Lire : Damasio, « Les Furtifs »




Alain Damasio n’avait pas sorti de roman depuis La Horde du contrevent, en 2006, succès à la fois critique et public. Après s’être engagé en faveur de la ZAD de Notre-Dame des Landes ou pour l’amnistie des Gilets jaunes, et avoir participé au colloque « Tout le monde déteste le travail », il revient avec un nouveau roman de SF, Les Furtifs, encore plus ouvertement politique.

Dans un futur proche où l’humain est toujours plus asservi et fliqué par des objets connectés, une nouvelle espèce animale fait son apparition, les furtifs, capables d’échapper aux regards humains notamment en métabolisant leur environnement naturel. Lorca est membre d’une unité militaire de traque des furtifs, où il s’est engagé dans l’espoir de mieux comprendre la disparition de sa fille, qu’il pense liée aux furtifs. Le rapport et la compréhension des furtifs par Lorca et ses amis vont progressivement évoluer, pour finir en mouvement de révolte écologiste face à la société de contrôle.

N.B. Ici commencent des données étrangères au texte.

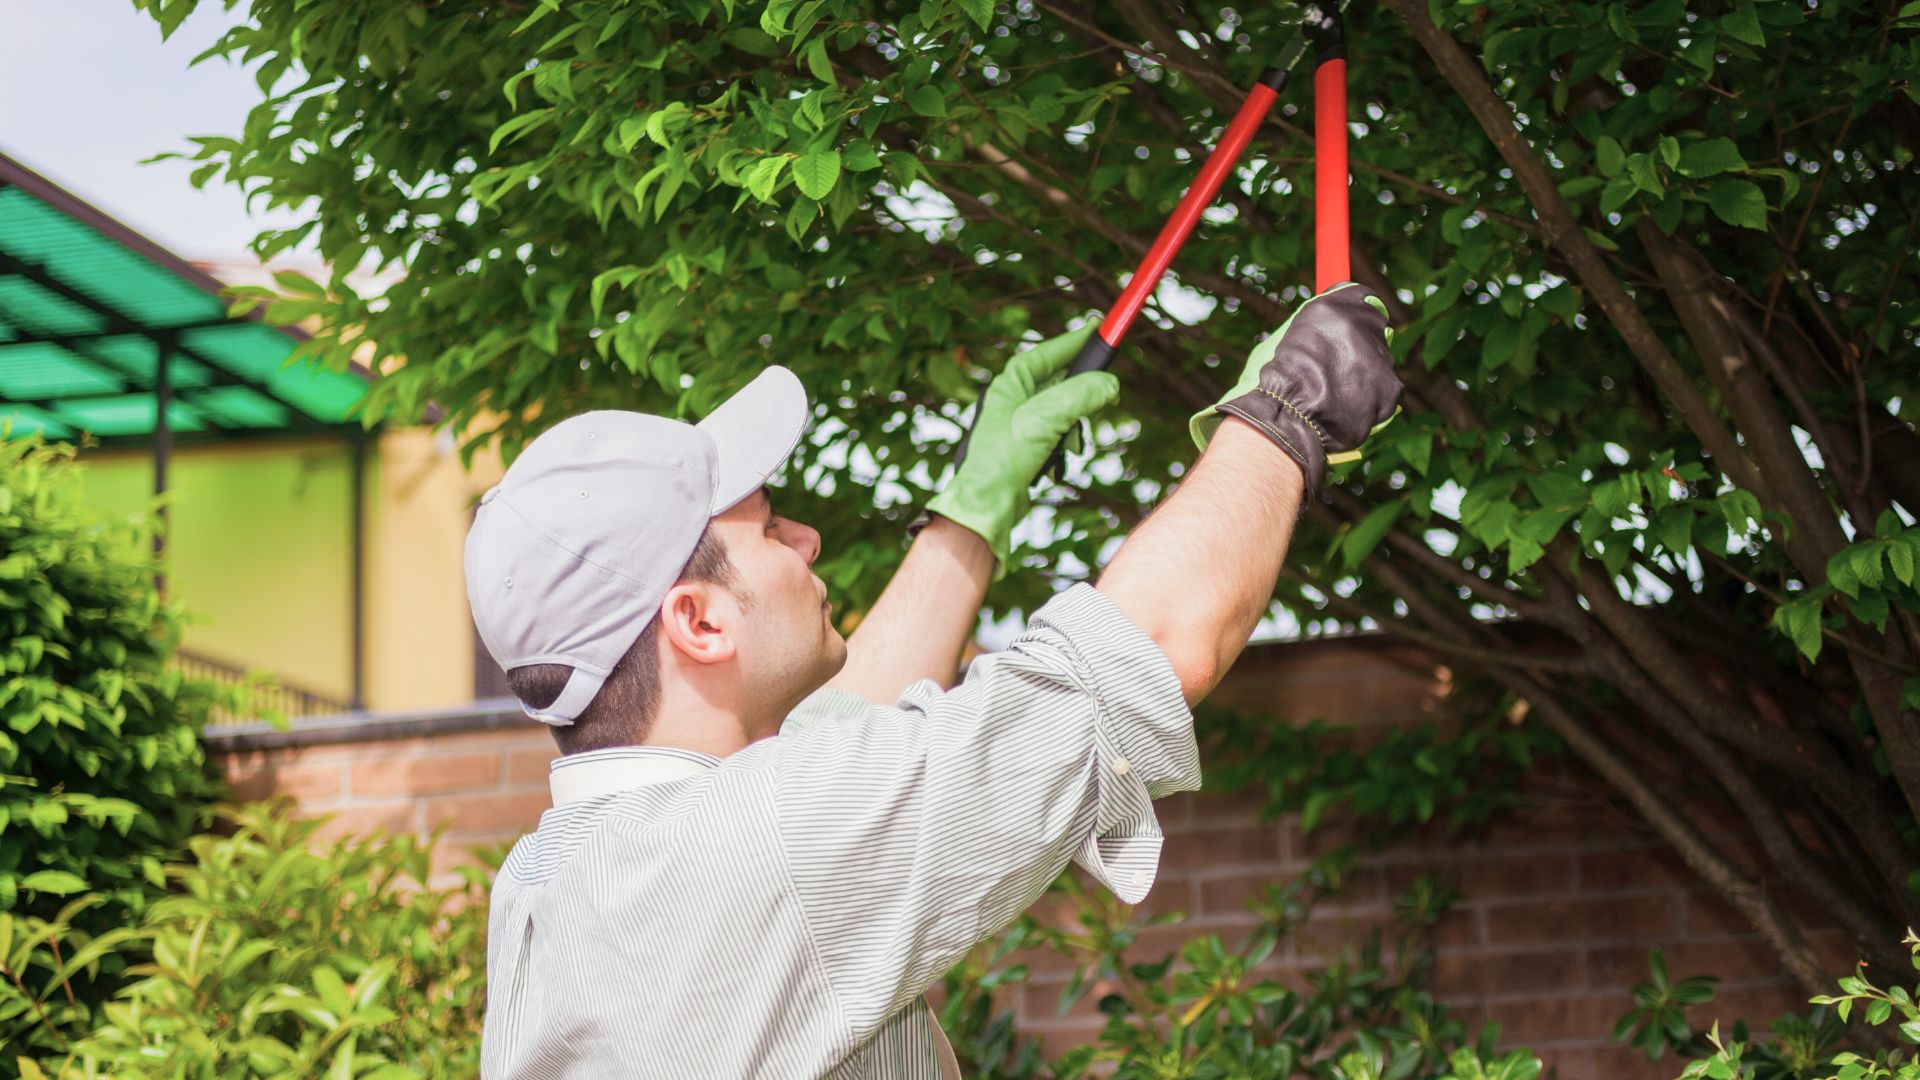 These Are The 7 Terrible Mistakes When Pruning Trees And Shrubs You Should Avoid At All Costs

Ce qui est saisissant dans ce roman, c’est la vision actualisée de la SF qui y est développée. Ici, pas de vaisseaux spatiaux ou de lasers, mais des villes « libérées », c’est-à-dire rachetées par des entreprises et où la circulation est strictement contrôlée en fonction des revenus. Les objets connectés, collectant des données pour optimiser et cibler des publicités, des réalités virtuelles ou des intelligences artificielles, sont omniprésents. Les résistanqui émergent reposent sur des réappropriations de gratte-ciels ou de zones naturelles, où l’on apprend à vivre autrement, via le don-contre-don, des AG préparées en sous-groupes. Les affrontements avec les milices privées sont perdues d’avance sur le plan militaire, mais se gagnent sur le plan symbolique. Il s’agit là d’un vrai roman d’anticipation politique, nourri par l’expérience des derniers mouvements sociaux et des dernières évolutions technologiques.

On pourra cependant reprocher une vision assez idyllique de la lutte : la désorganisation est presque une force, d’ailleurs pas besoin d’organisation puisque les liens affinitaires suffisent, et tous les conflits internes se règlent par la discussion et la solidarité. De même, sur le plan narratif, il y a les gentils d’un côté, les méchants de l’autre, et strictement aucun entre-deux. Enfin, la question du travail en est complètement absente : c’est une aliénation, un point c’est tout.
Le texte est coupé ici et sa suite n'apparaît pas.